Material to process -
----------------------------------------

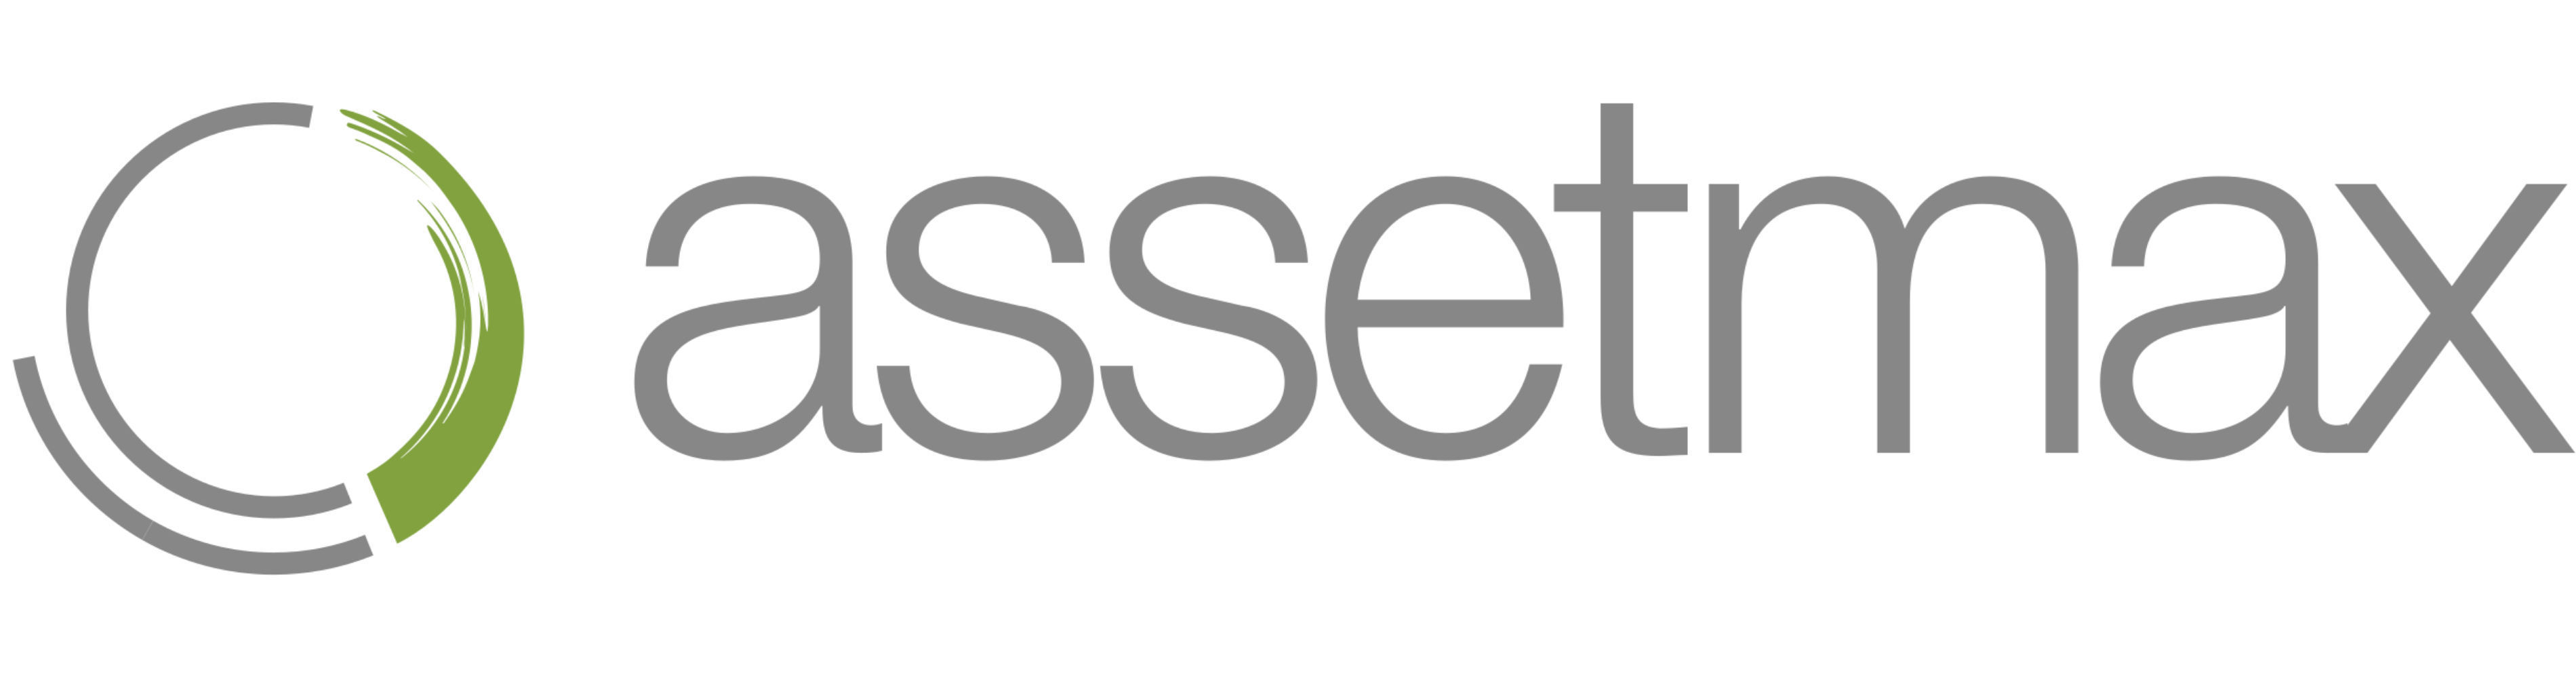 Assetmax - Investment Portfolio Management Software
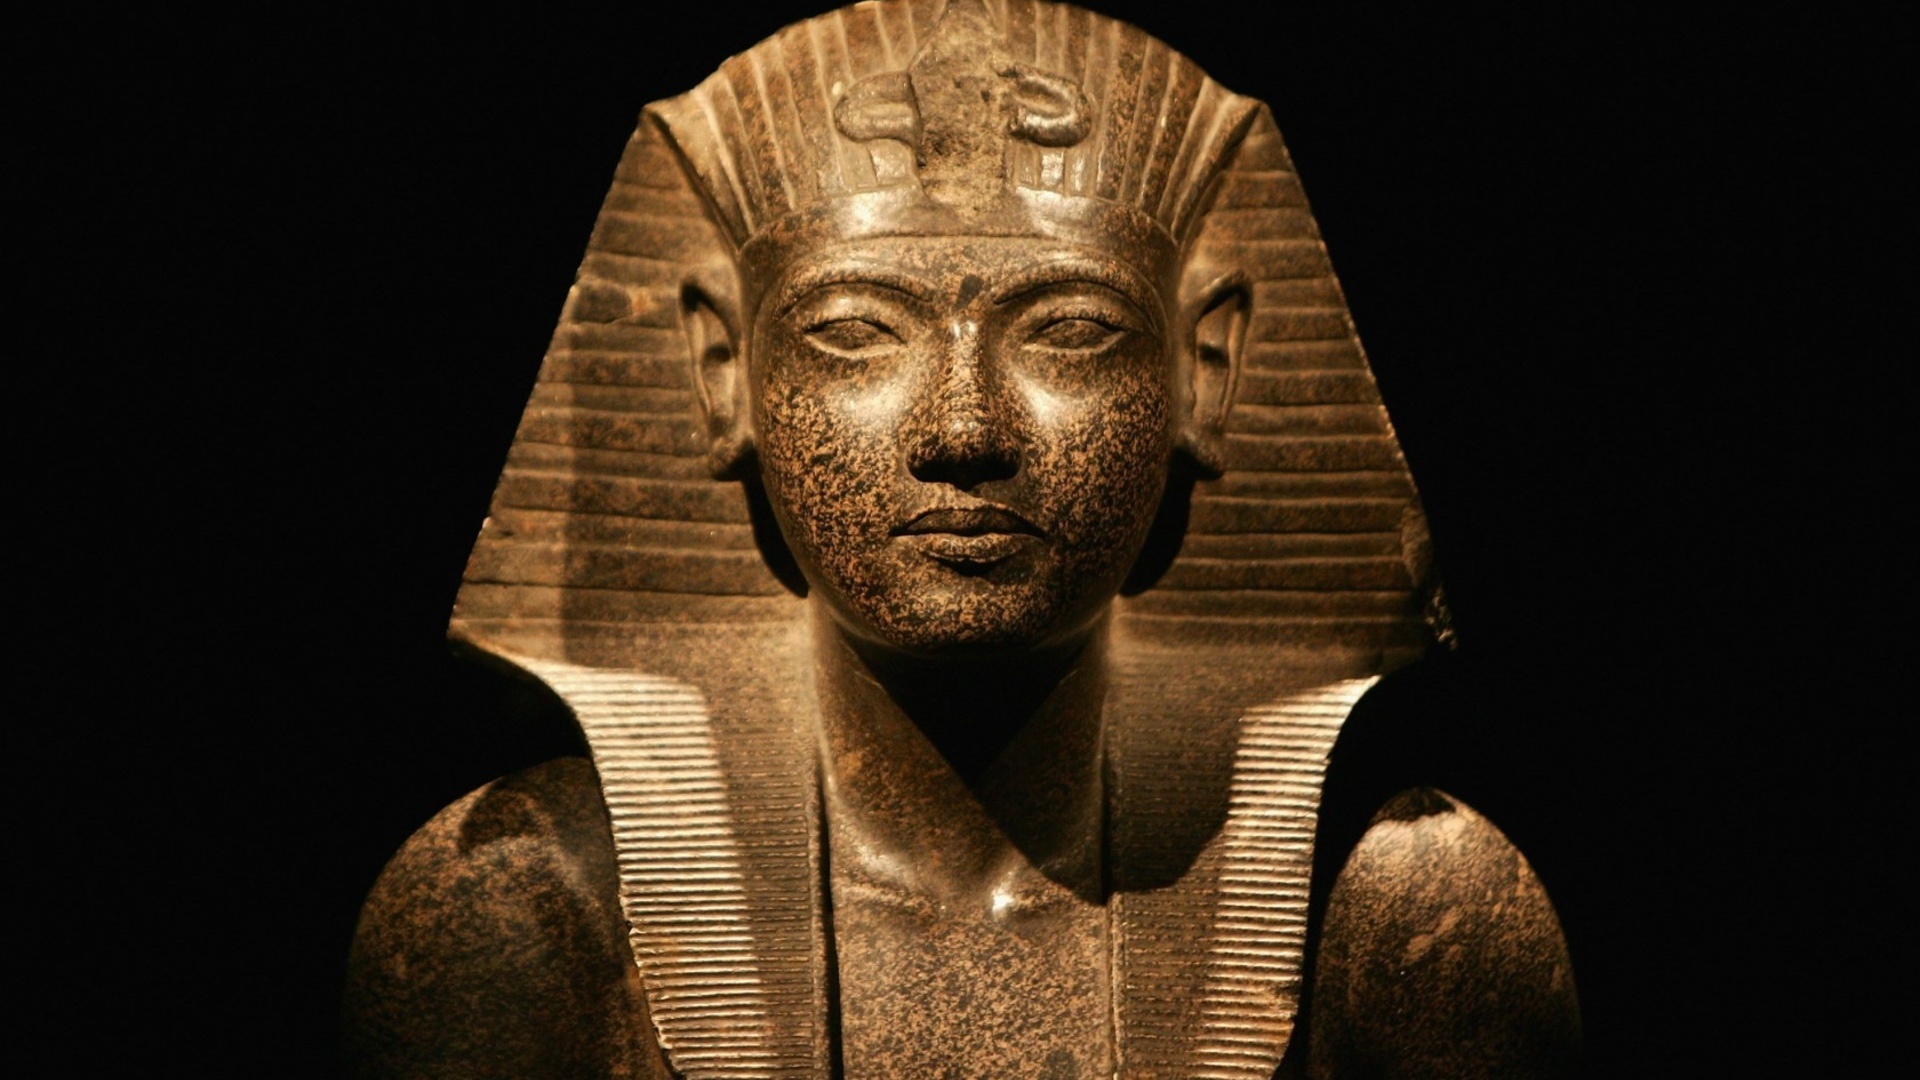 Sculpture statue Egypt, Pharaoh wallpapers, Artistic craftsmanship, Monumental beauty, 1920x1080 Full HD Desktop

----------------------------------------

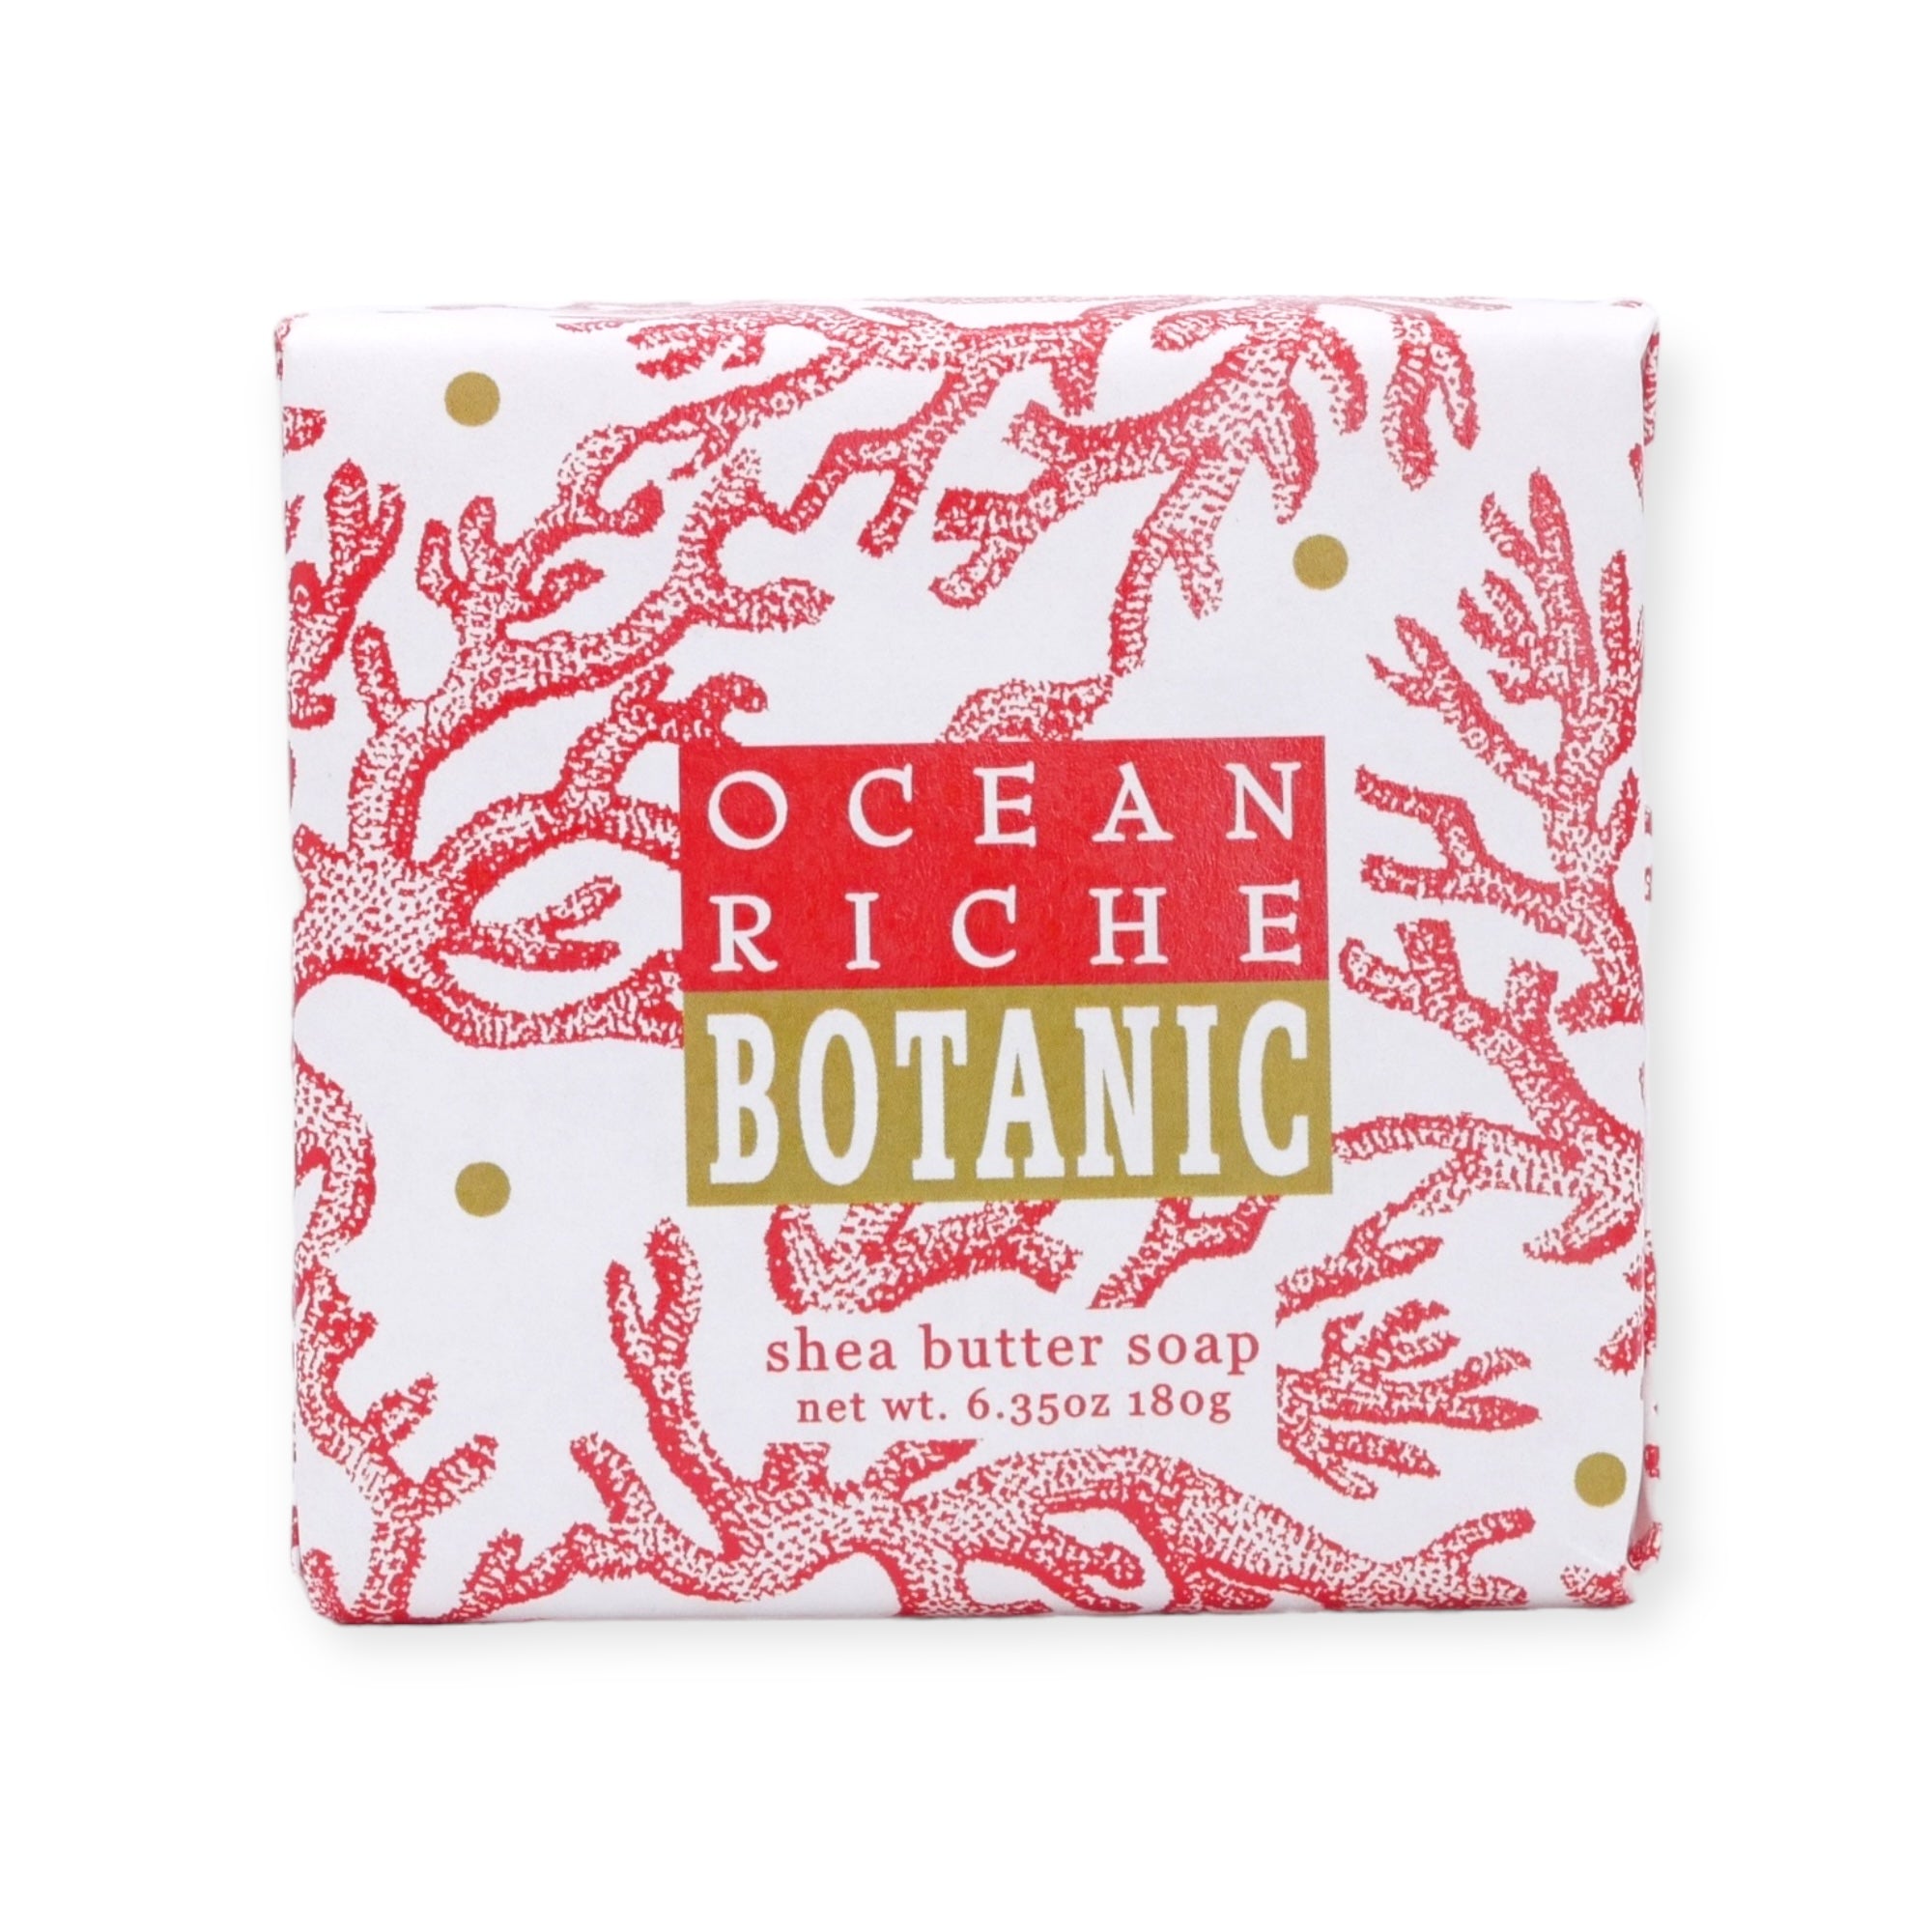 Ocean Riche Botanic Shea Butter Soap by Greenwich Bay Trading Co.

----------------------------------------

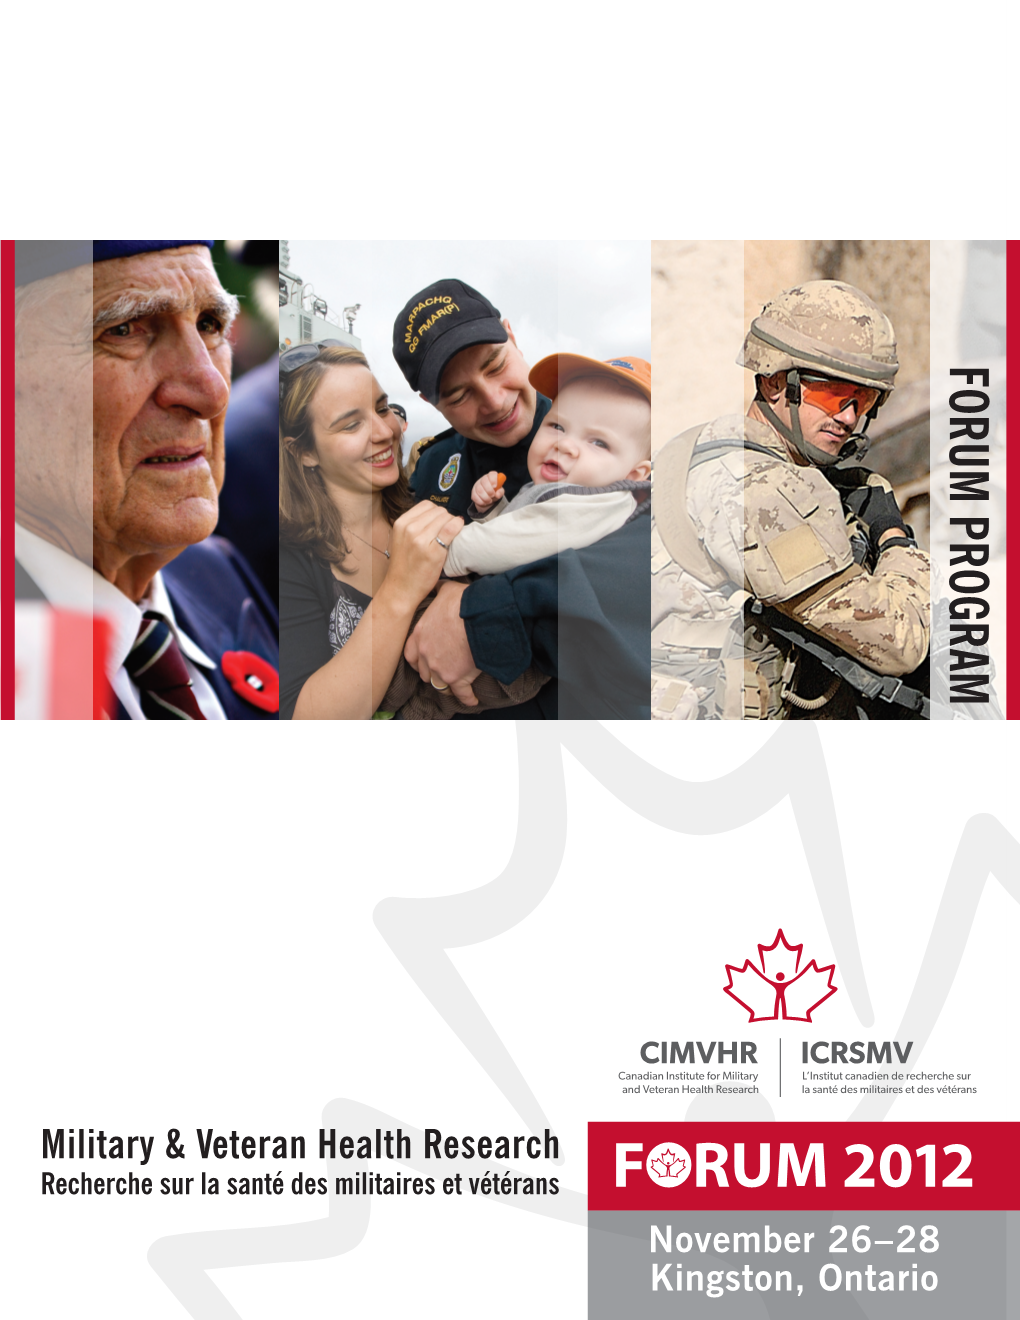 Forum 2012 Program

----------------------------------------

Activity - Return only the stretch above from the line containing "Assetmax - Investment" through the line containing "Sculpture statue Egypt, Pharaoh", word for word and without pictures.

Task result -
 Assetmax - Investment Portfolio Management Software
 Sculpture statue Egypt, Pharaoh wallpapers, Artistic craftsmanship, Monumental beauty, 1920x1080 Full HD Desktop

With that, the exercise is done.